DKK1-conditioned medium (DKK1-CM)

293T cells (donated by Tnstitute of Immunology, Shandong University, Jinan, China) were cultured in Dulbecco's modified Eagle's medium-conditioned medium (Biochrom, Ltd., Cambridge, UK) containing 10% FBS (HyClone; GE Healthcare Life Sciences, Logan, UT, USA) and 1×106 cells were transfected with 3 µg pcDNA3.1-DKK1 [designed and synthesized by Shanghai GenePharma Co., Ltd. (Shanghai, China)] using Lipofectamine® 2000 (Invitrogen; Thermo Fisher Scientific, Inc.). The supernatant was collected as the DKK1-conditioned media 48 h later and stored at −70°C for subsequent experiments.

To inhibit the canonical Wnt signaling pathway, BALL-1/VCR cells were seeded onto a 24-well plate at a density of 2×104 cells/well and treated with 1 ml DKK1-CM for 48 h.

Cytotoxicity assays

The effect of anticancer agents on cell viability was assessed using MTT assay as described previously (9). In brief, cells (4–5×103 per well) were seeded in 96-well plates and incubated for 24 h at 37°C. Subsequently, the cells were exposed to varying concentrations of anticancer drugs for a specific time before treated by 20 µl/well MTT (5 mg/ml) for 4 h. Subsequently, dimethyl sulfoxide (DMSO) was added to treat the cells for 10 min and the optical density in each well was measured using a microplate reader (Bio-Rad 450; Bio-Rad Laboratories, Inc., Rantoul, IL, USA) at 570 nm. The cell viability ratio (%) was calculated based on the formula below: (A570 sample-A570 blank)/(A570 control-A570 blank) ×100. The IC50 value of the cells was deemed as the drug dose that caused 50% of absorbance reduction compared with DMSO-treated control cells. Each experiment was performed in triplicate independently.

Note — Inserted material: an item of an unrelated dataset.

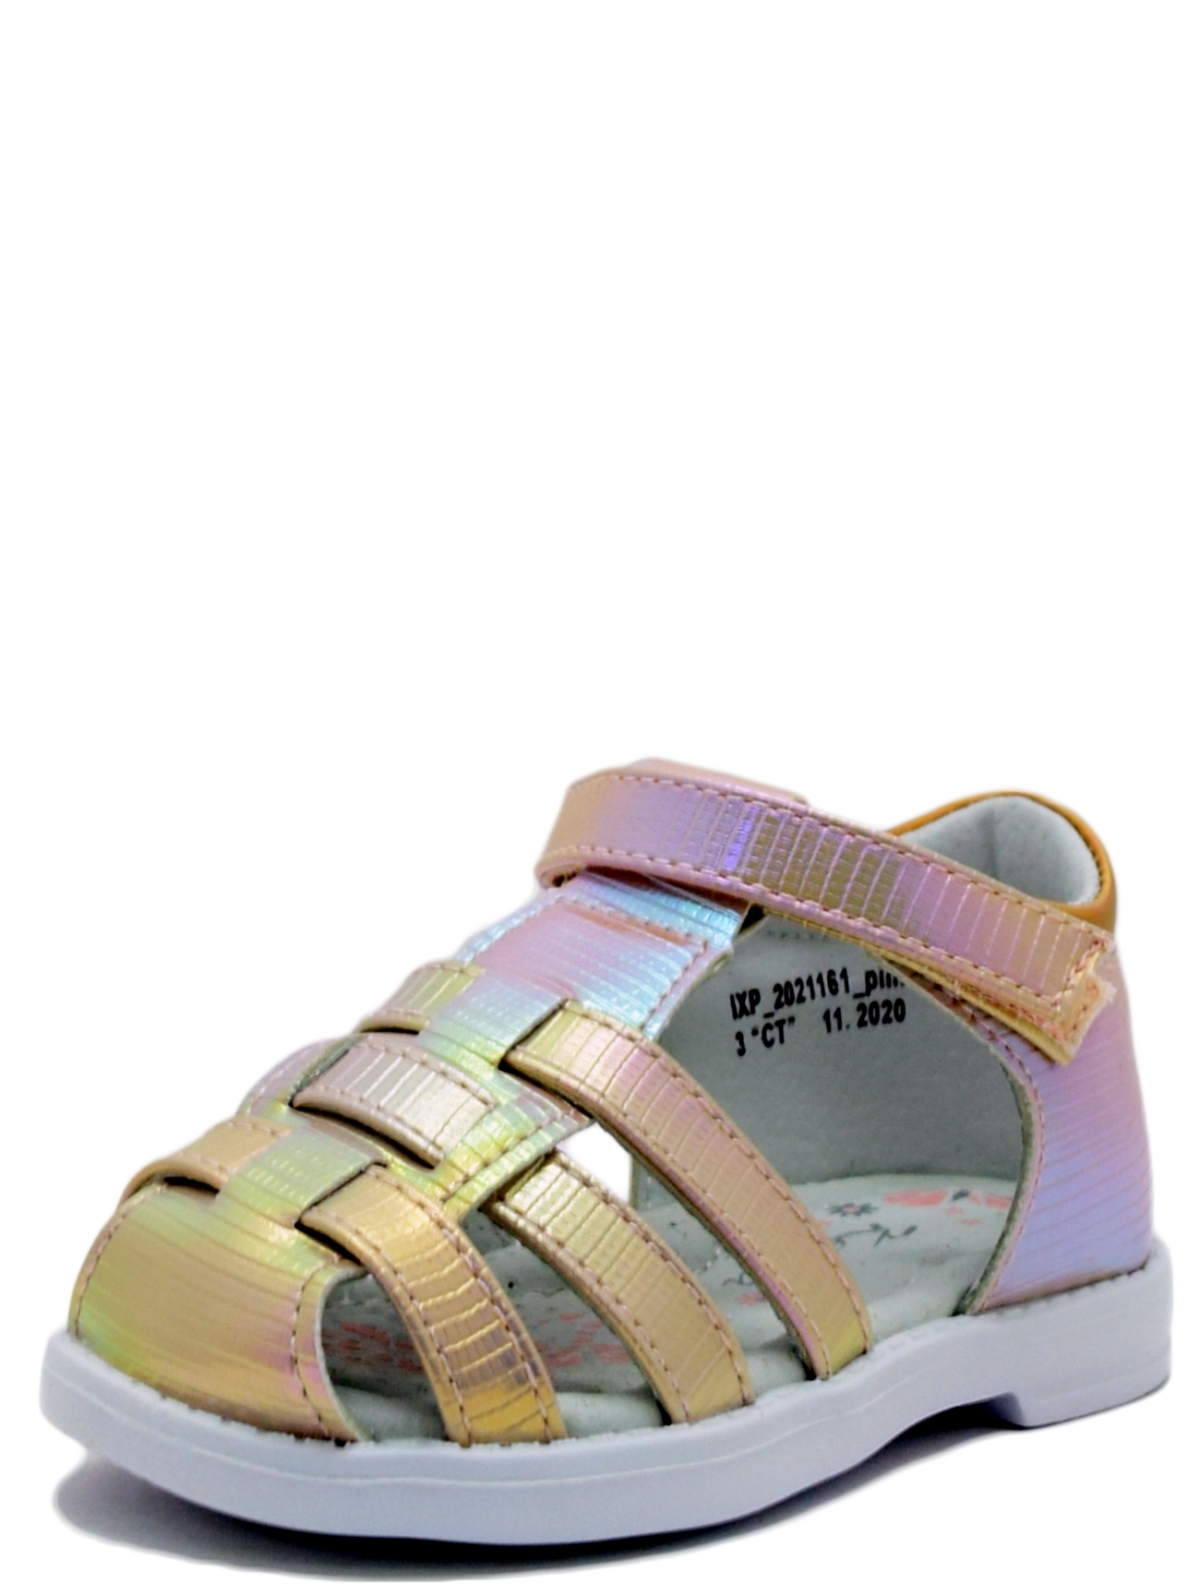 Kenka IXP-2021161 детские кроссовки

Reverse transcription-quantitative polymerase chain reaction (RT-qPCR)

In brief, total RNA was isolated from cells using TRIzol (Invitrogen; Thermo Fisher Scientific, Inc.) and RT was performed using Quant reverse transcriptase (Beyotime Institute of Biotechnology, Haimen, China) with incubation at 42°C for 30 min and 85°C for 5 min. The sequences of the primers are listed in Table I. qPCR was performed using RealMasterMix (SYBR Green; Beyotime Institute of Biotechnology) for 30 cycles of amplification (95°C for 10 min followed by 30 cycles of 95°C for 15 sec and 62°C for 1 min). The gene expression was quantified using the comparative 2−ΔΔCq (10) method and then normalized to the expression of GAPDH (11).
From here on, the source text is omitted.